Minister of Education
- In office 30 August 2020 – 8 August 2023
- President: Bashar al-Assad
- Prime Minister: Hussein Arnous
- Preceded by: Imad al-Azab
- Succeeded by: Muhammad Amer Mardini

Personal details
- Born: 1958 (age 67–68) Damascus, Damascus Governorate, Second Syrian Republic
- Children: 5
- Alma mater: University of Leipzig University of Göttingen
- Profession: University Professor, Politician, Scientist, Civil servant

= Darem Tabbaa =

Syrian politician

Darem Tabbaa (دارم الطباع) (born 1958) is a Syrian veterinarian and politician. He was Education Minister from August 2020 until August 2023.

== Education ==
He graduated from Al Baath University as a veterinarian in 1981. He obtained a PhD in virology, epidemiology and public health in veterinary medicine from the University of Leipzig in 1988. He then earned a second PhD in tropical and subtropical animal hygiene from the University of Göttingen in 1998.

== Political career ==
He began working as an expert at the Athens World Health Organization (WHO) Center for Health and Environmental Science Education in the 1990s.
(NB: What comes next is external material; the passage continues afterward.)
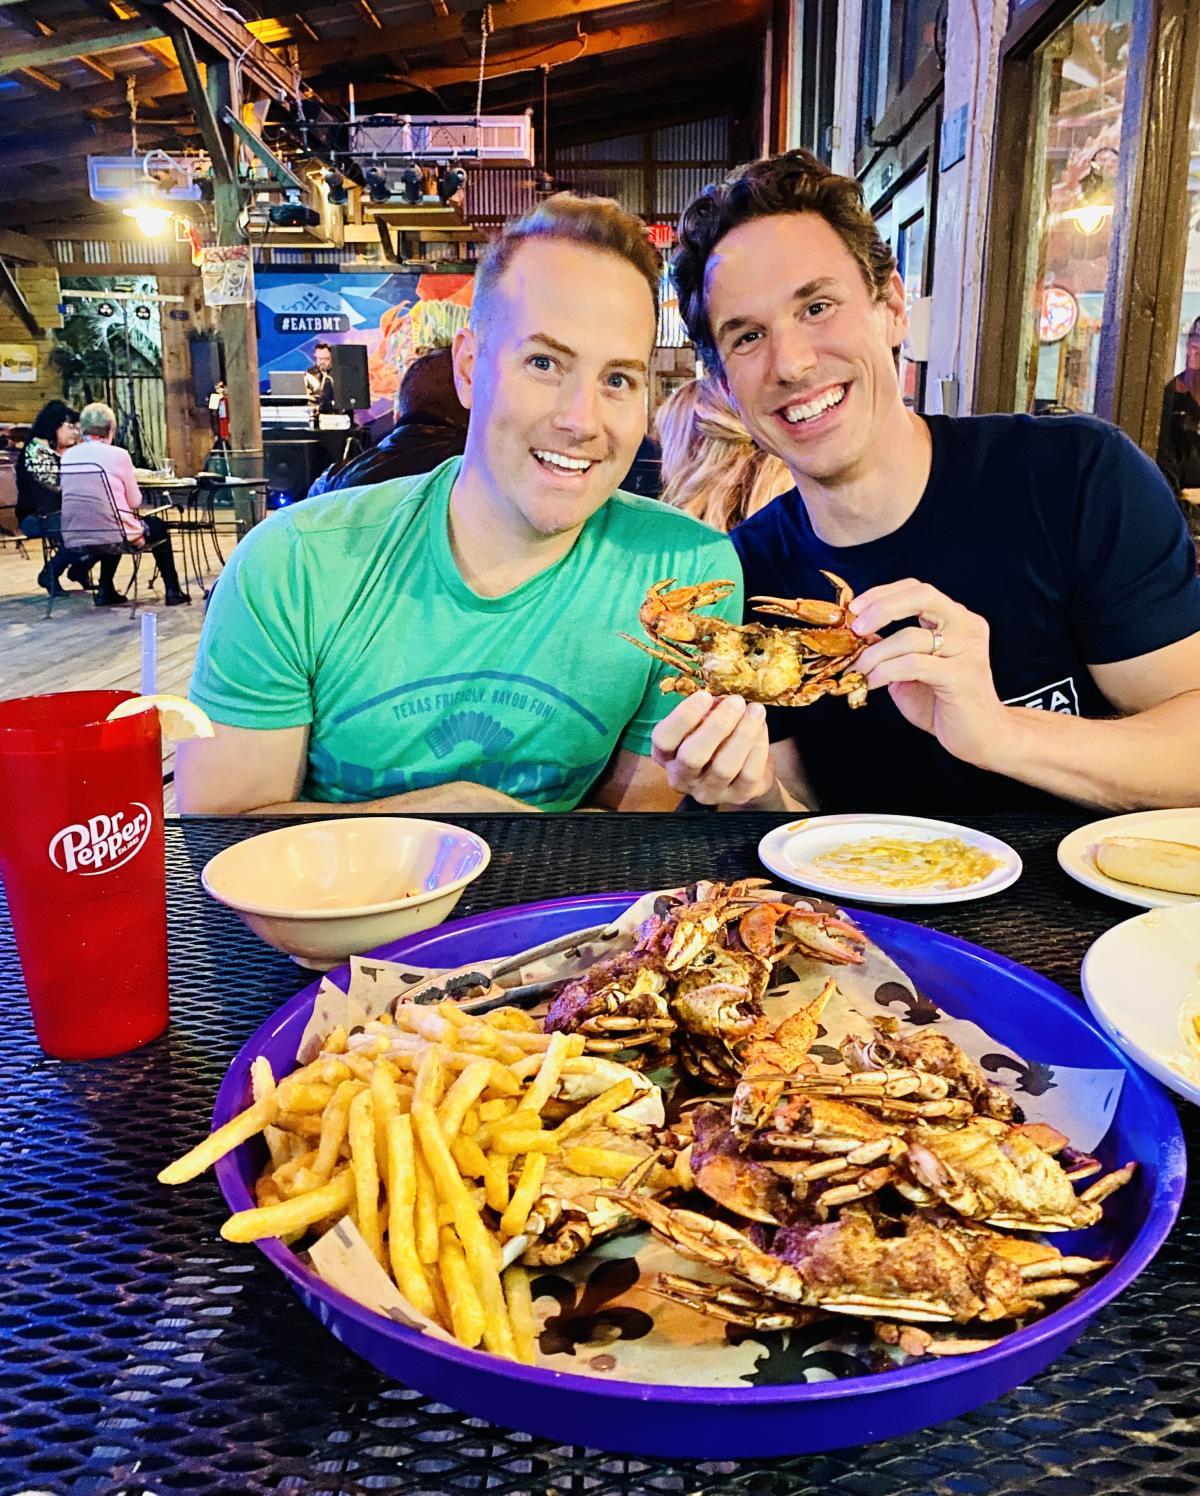 Friends enjoy a seafood platter at Beaumont's Crazy Cajun restaurant.

From 2015 to 2019 he was Director of the National Center for Educational Curriculum Development. He was later named Assistant Minister of Education.

==Academic career==
He has been a college dean, and has run a number of international Syrian projects. After working at the central veterinary laboratory in Damascus, he held veterinary teaching positions in the 1980s and 1990s in Syria, and also research jobs. In 1989, he became a moderator for project planning with the German Technical Cooperation Agency (GIZ). He became a member at the executive board of the international society of animal hygiene in 1990. In 1991, he joined the editing board of the scientific journal of Al Baath University. He became director of the project for animal protection in Syria with the Society for the Protection of Animals Abroad in 1993. He has been a dean of veterinary medicine in Syria from 2005 to 2007.